## Material provided

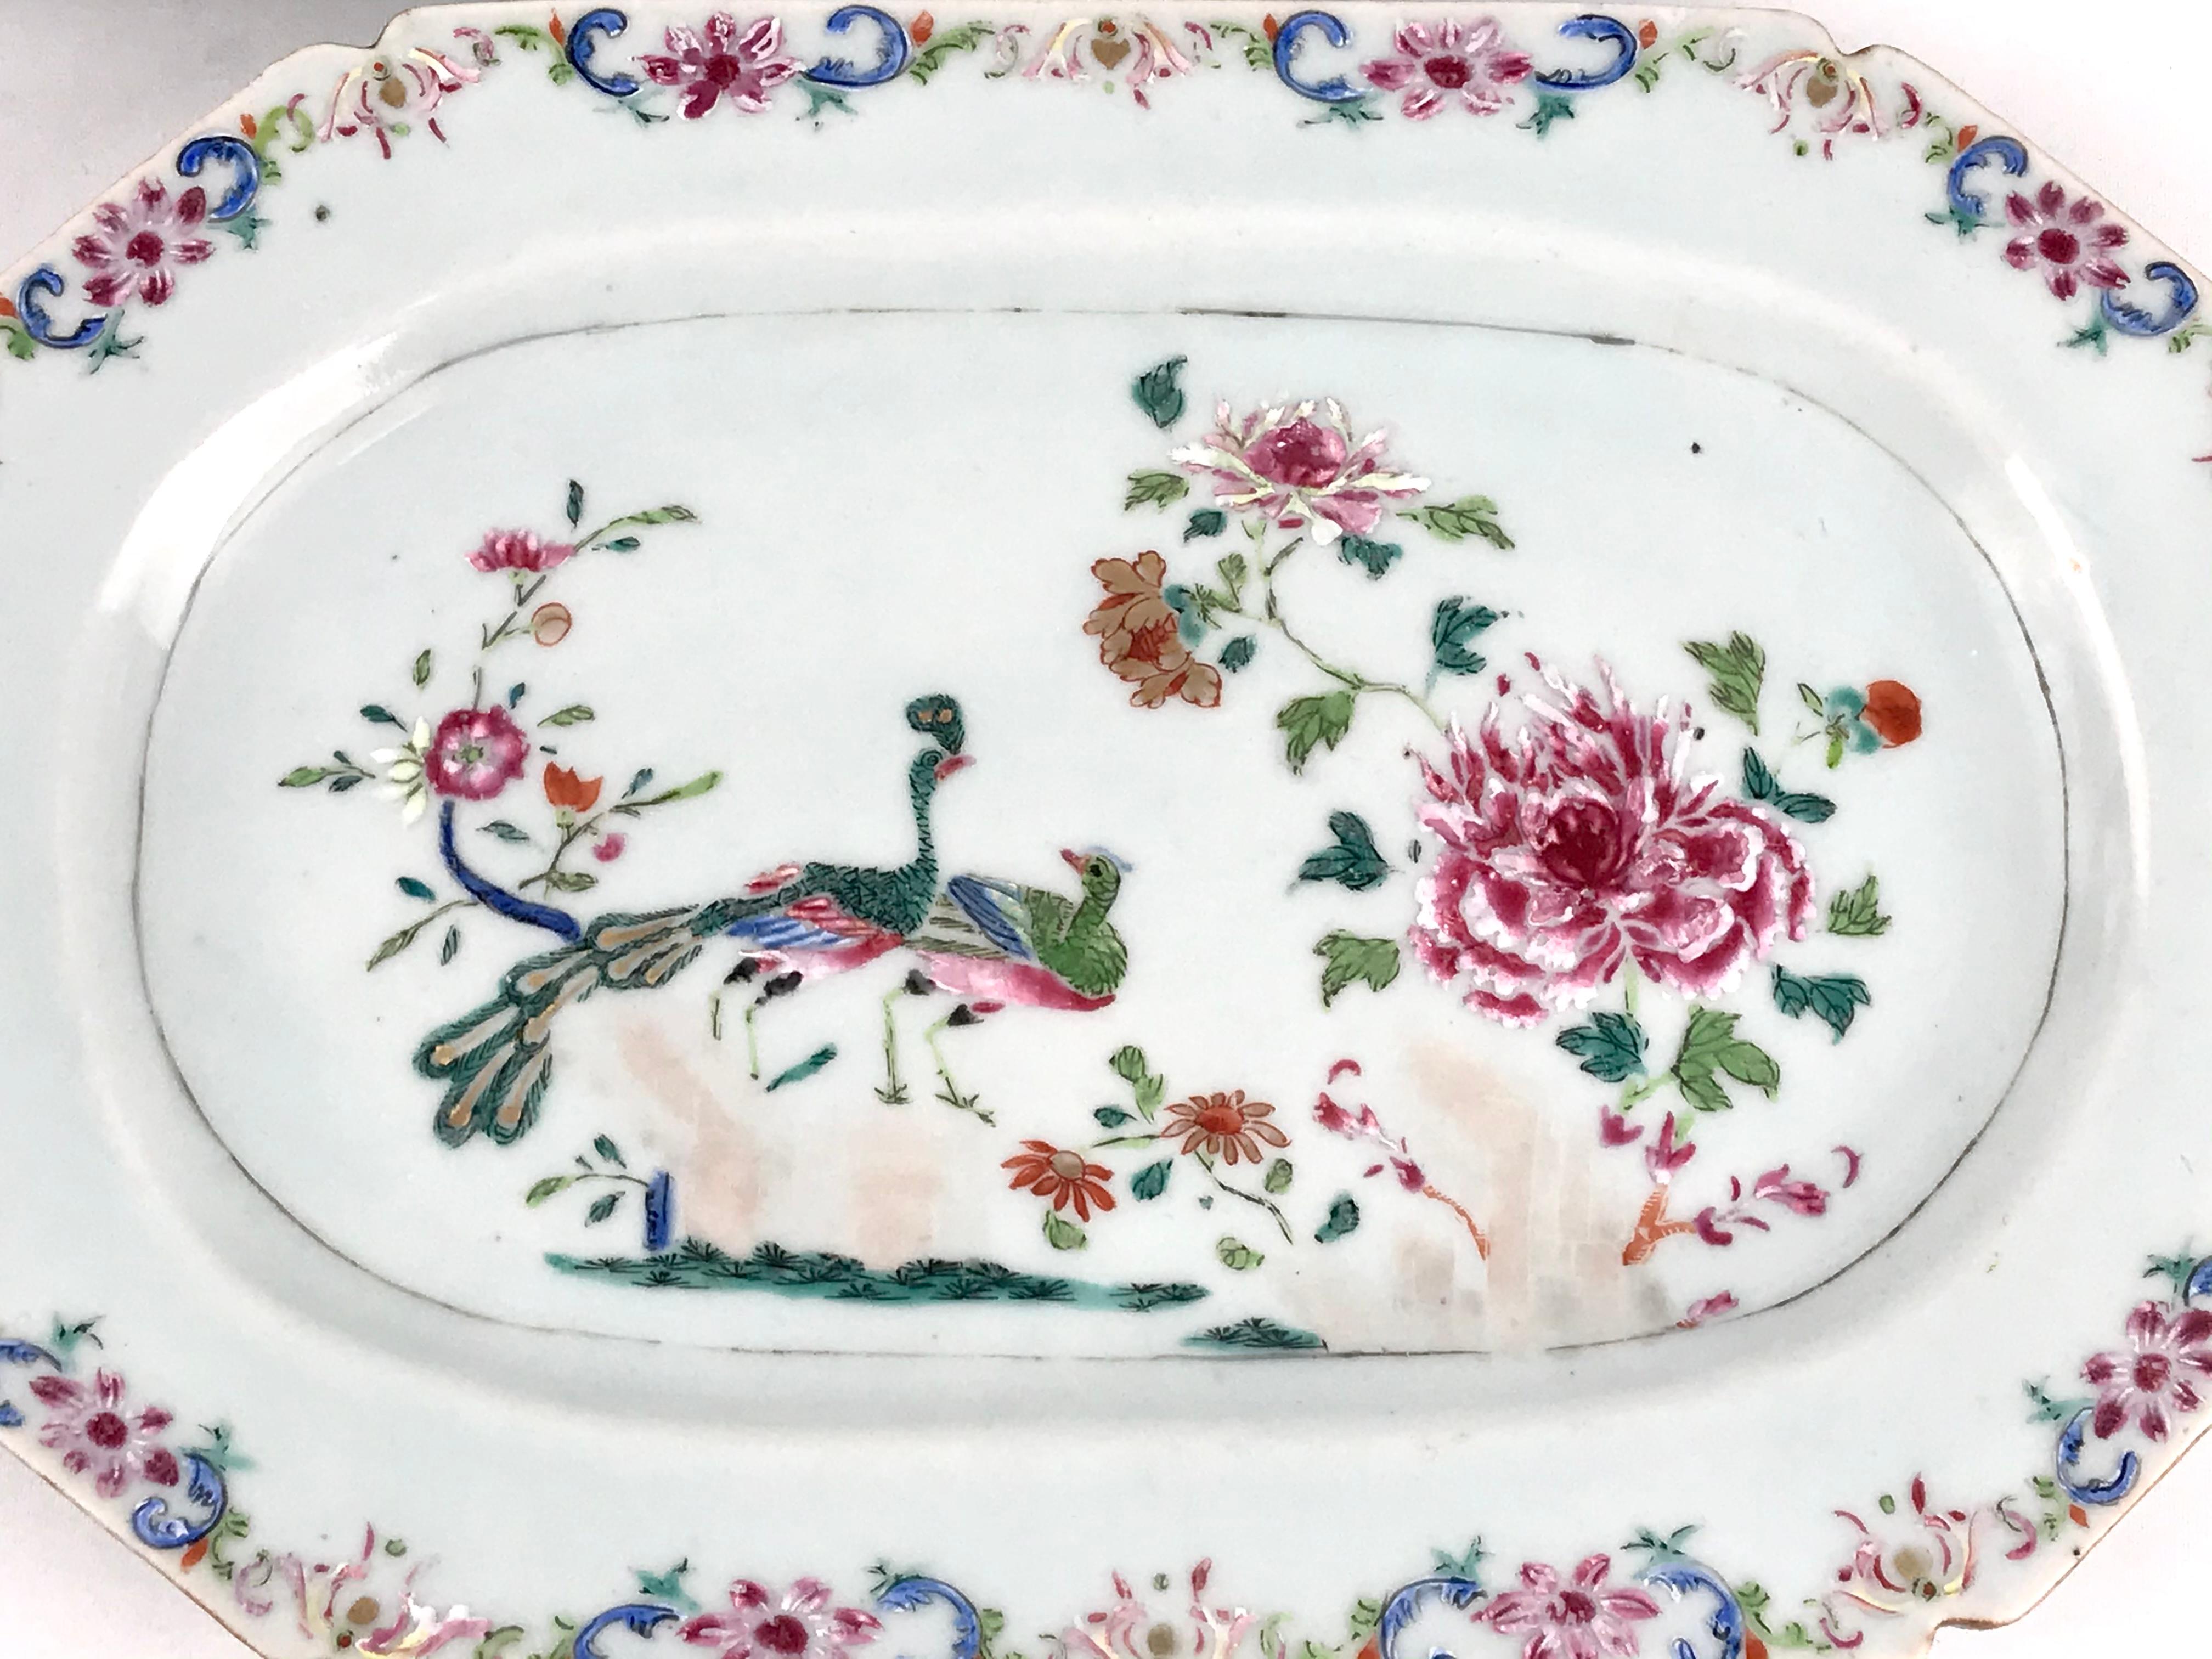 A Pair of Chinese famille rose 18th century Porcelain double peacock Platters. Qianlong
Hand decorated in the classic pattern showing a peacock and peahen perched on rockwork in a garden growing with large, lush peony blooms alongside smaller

* * *

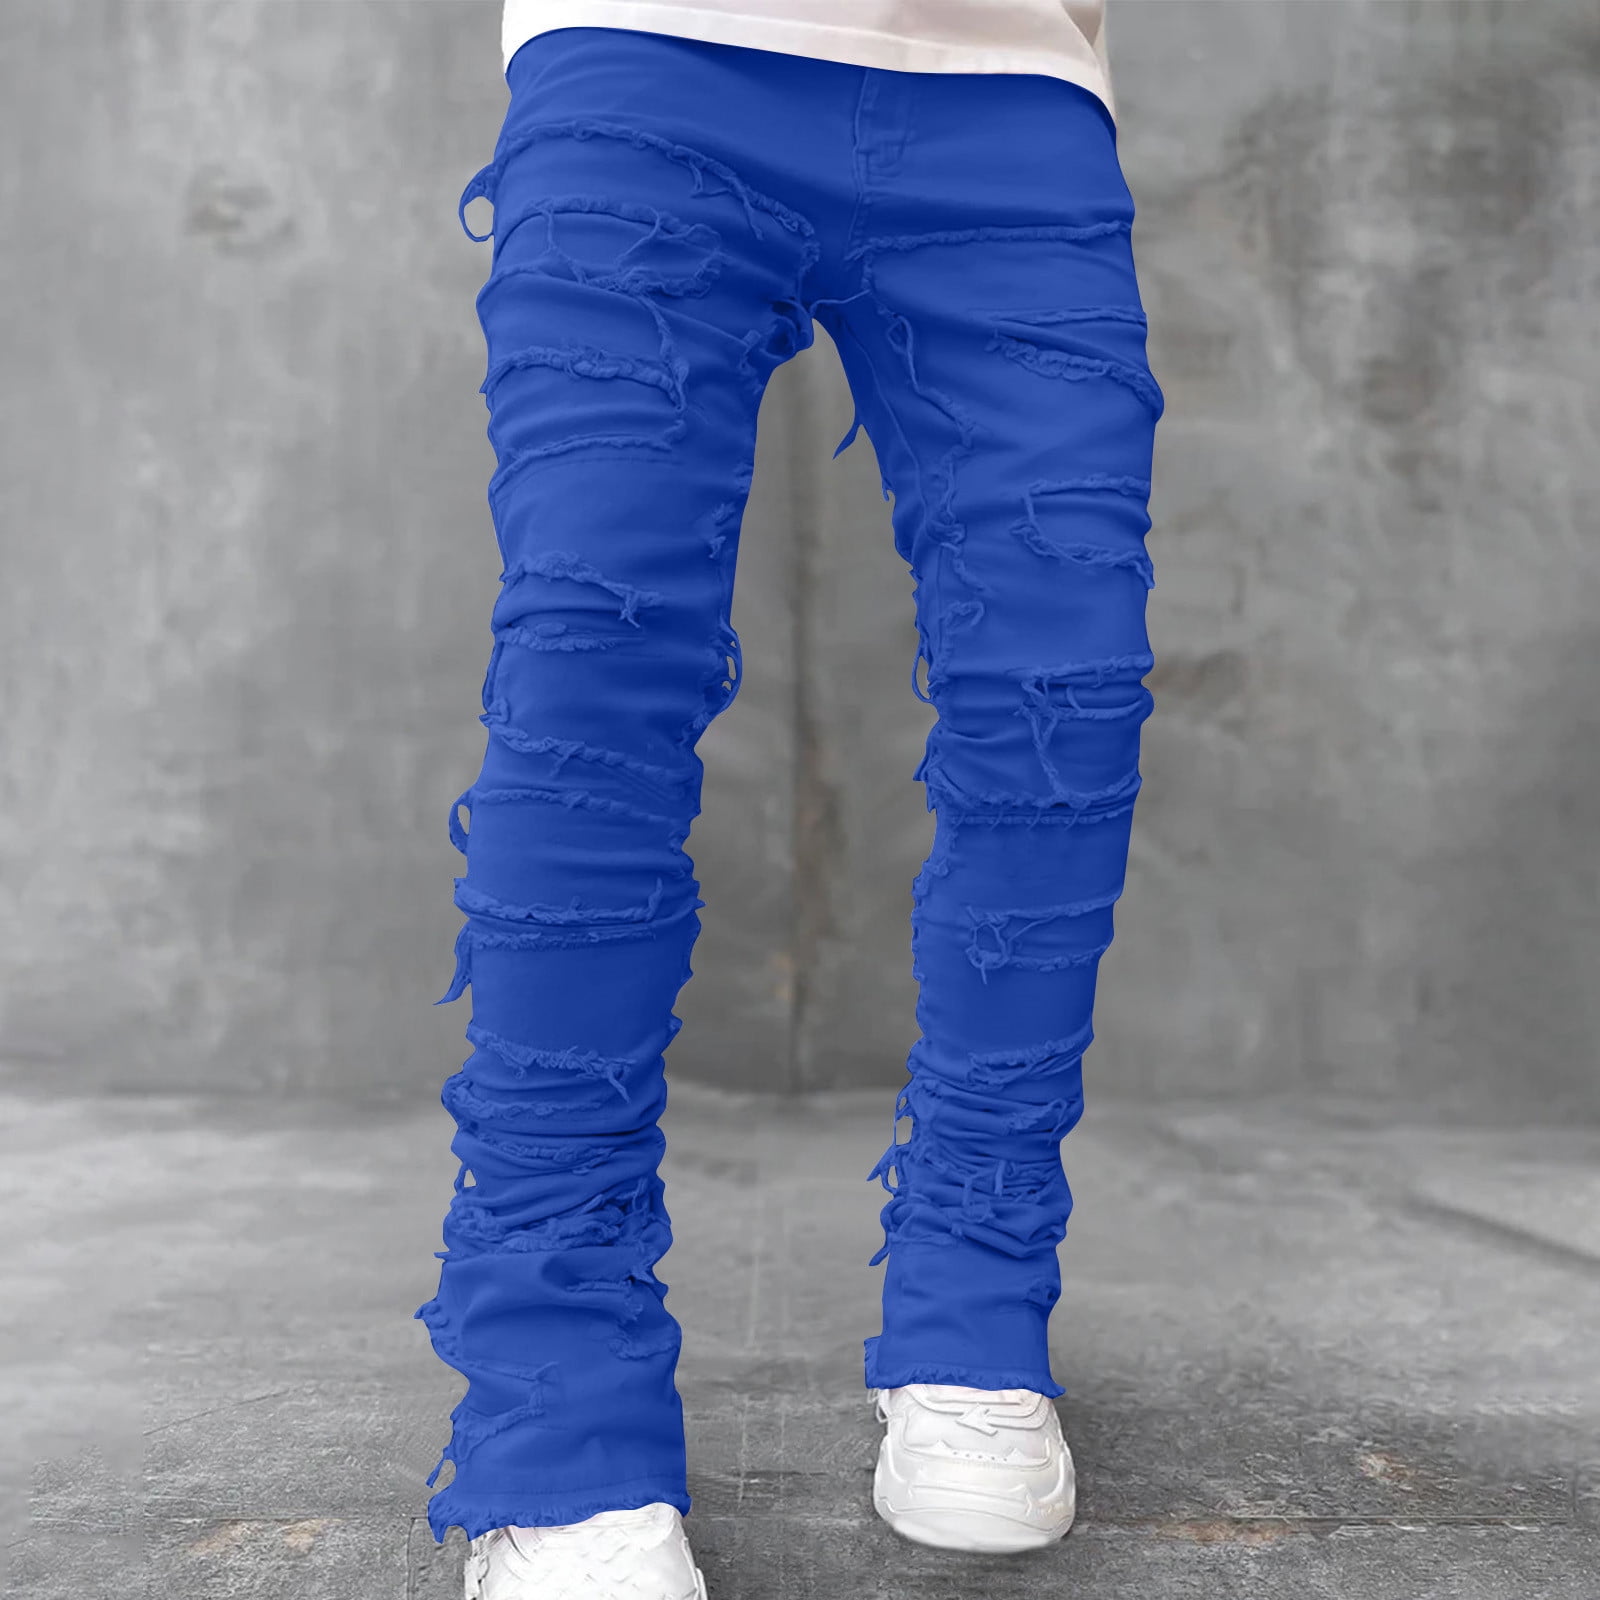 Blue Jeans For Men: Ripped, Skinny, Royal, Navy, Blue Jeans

## The task
With the pictures left out, write out exactly the lines above from the one containing "A Pair of Chinese" through the one containing "Hand decorated in".

## Output of the task
 A Pair of Chinese famille rose 18th century Porcelain double peacock Platters. Qianlong
Hand decorated in the classic pattern showing a peacock and peahen perched on rockwork in a garden growing with large, lush peony blooms alongside smaller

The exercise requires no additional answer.